*Task objective:*
Beginning with the line that holds "Ein junges weißes", write out each line exactly as it stands until the end of the data, and include no pictures.

*Given data:*
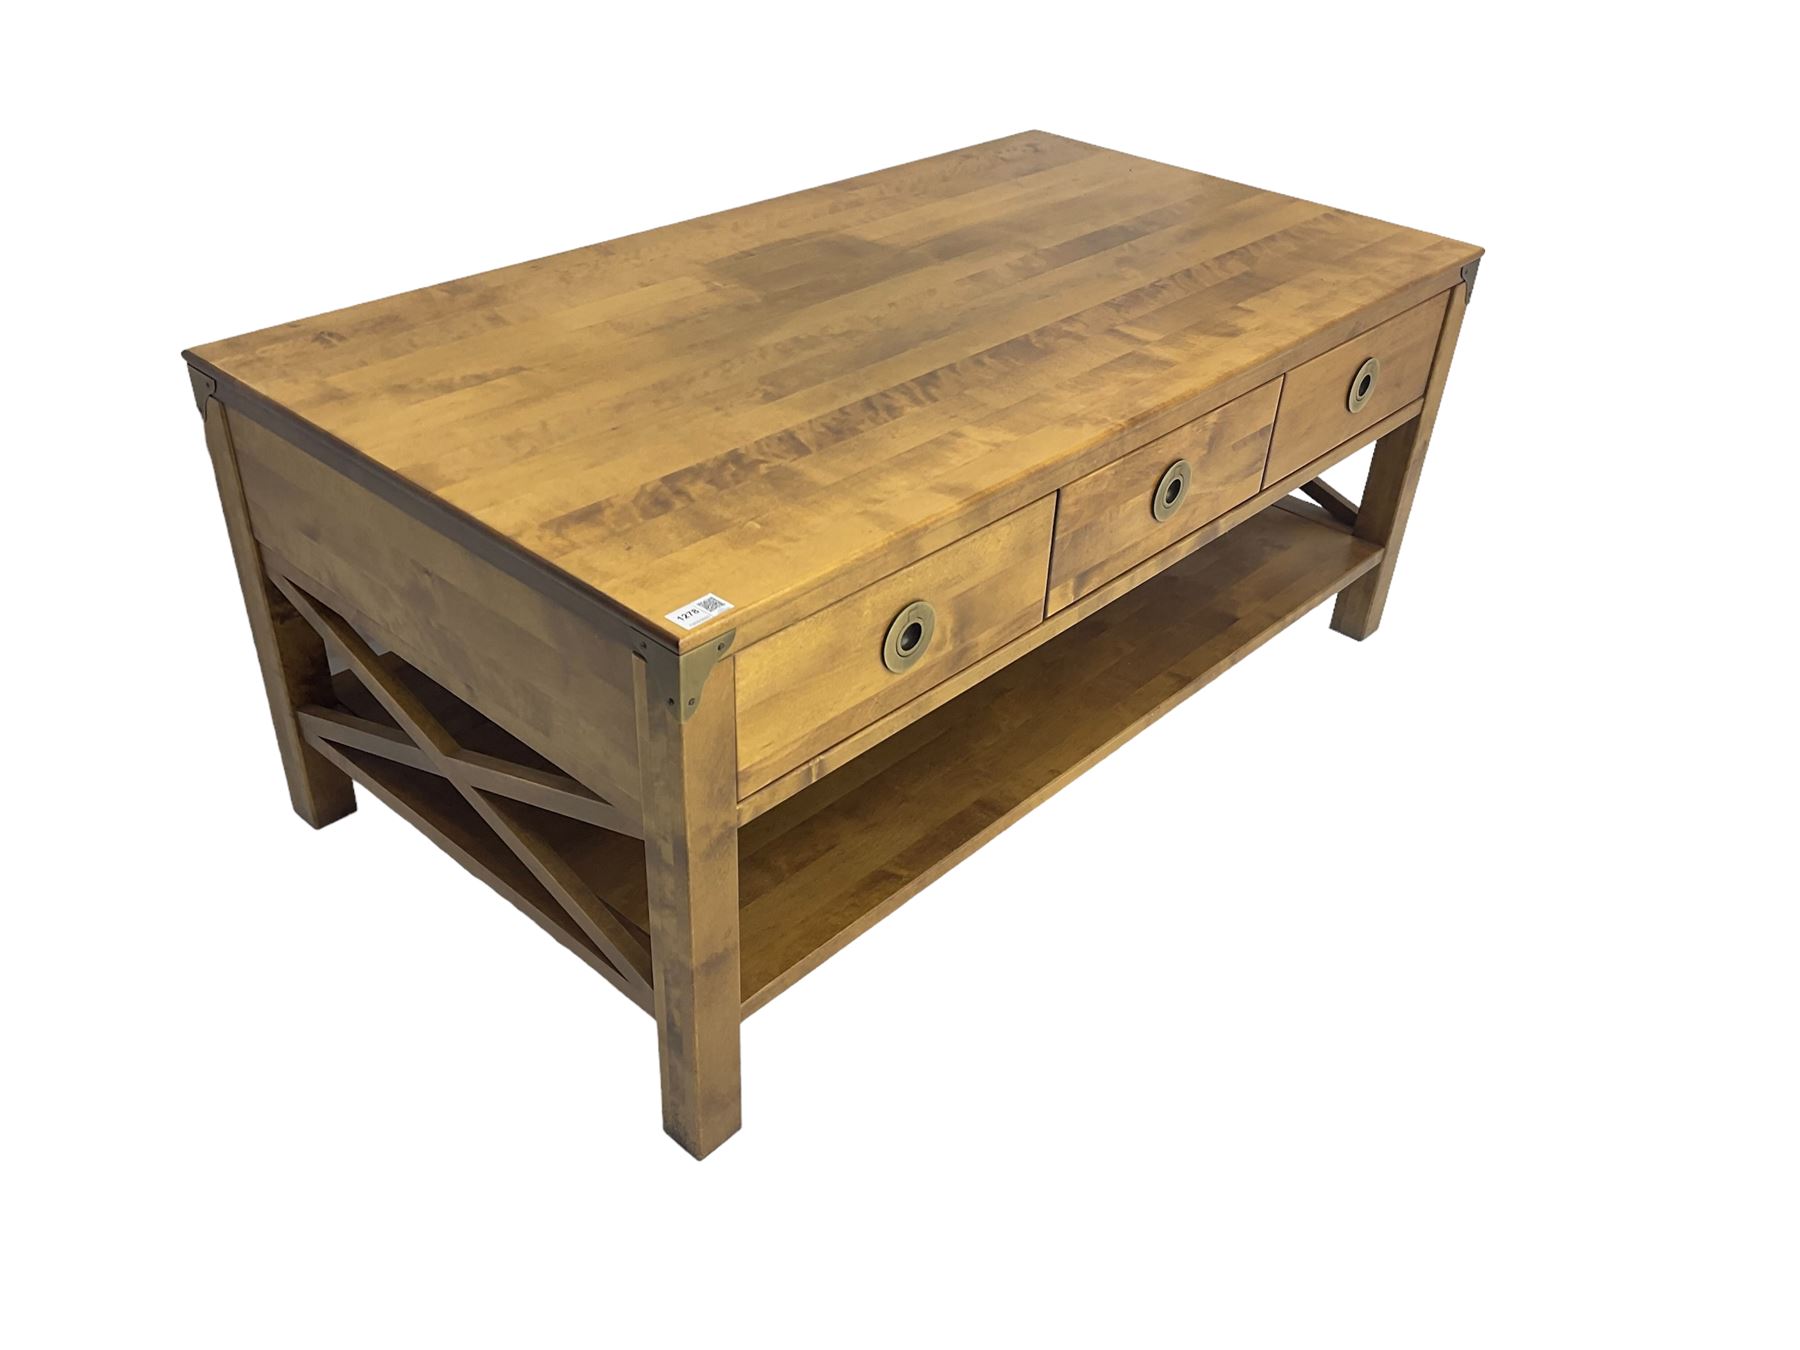 Rectangular hardwood coffee table - Image 3 of 6
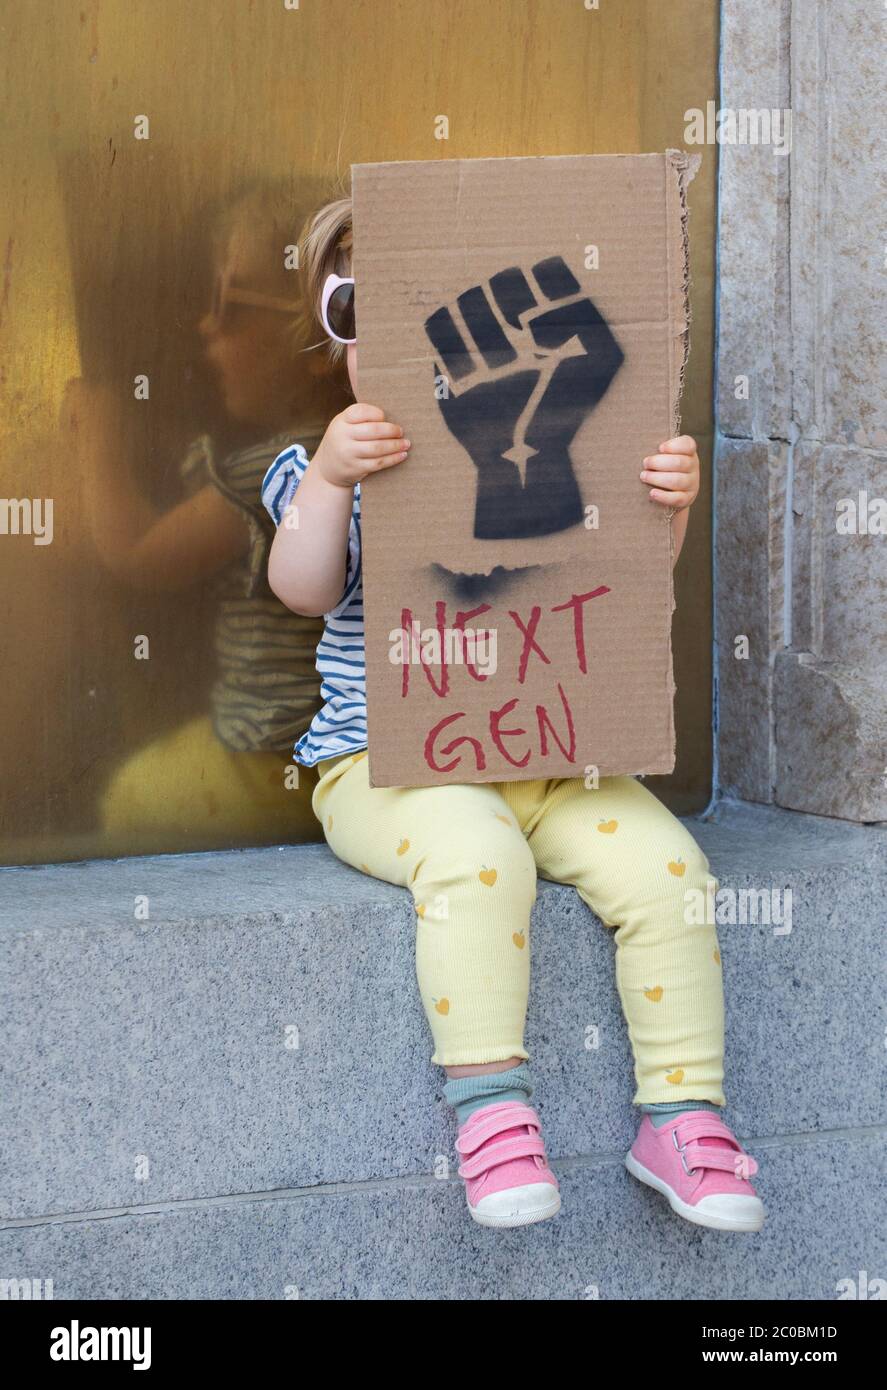 Ein junges weißes Kleinkind versteckt sich hinter ihrem Schild, das ein Bild einer schwarzen Faust zeigt, die die Materie der Schwarzen Leben zusammen mit den Worten "Next-Gen" während eines Protestes am 7. Juni 2020 in Hollywood Kalifornien symbolisiert. Stockfoto
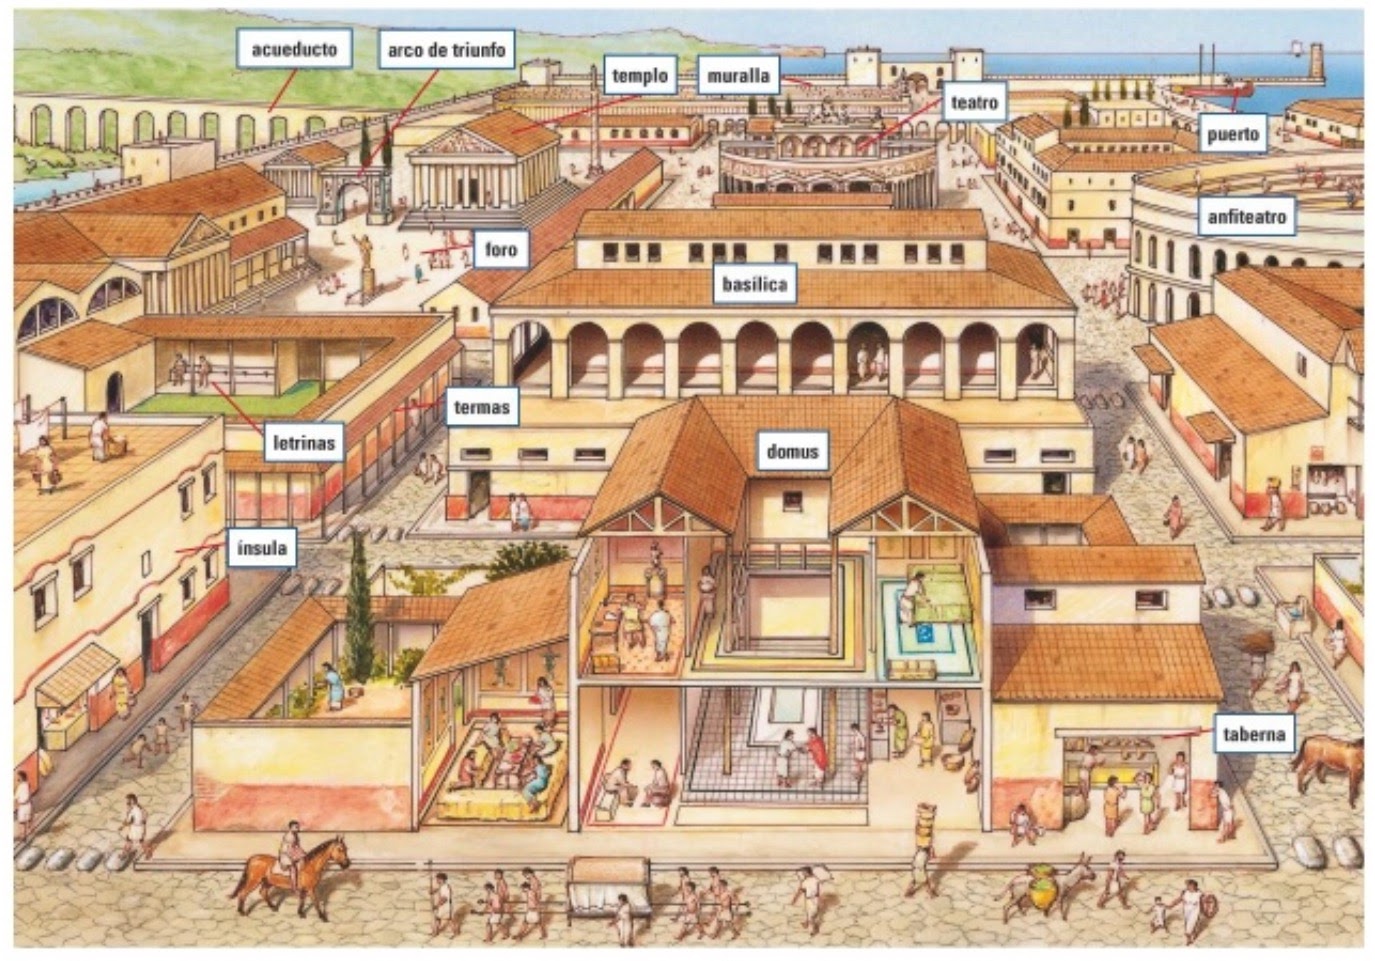 Ciudad romana

*Task response:*
 Ein junges weißes Kleinkind versteckt sich hinter ihrem Schild, das ein Bild einer schwarzen Faust zeigt, die die Materie der Schwarzen Leben zusammen mit den Worten "Next-Gen" während eines Protestes am 7. Juni 2020 in Hollywood Kalifornien symbolisiert. Stockfoto
 Ciudad romana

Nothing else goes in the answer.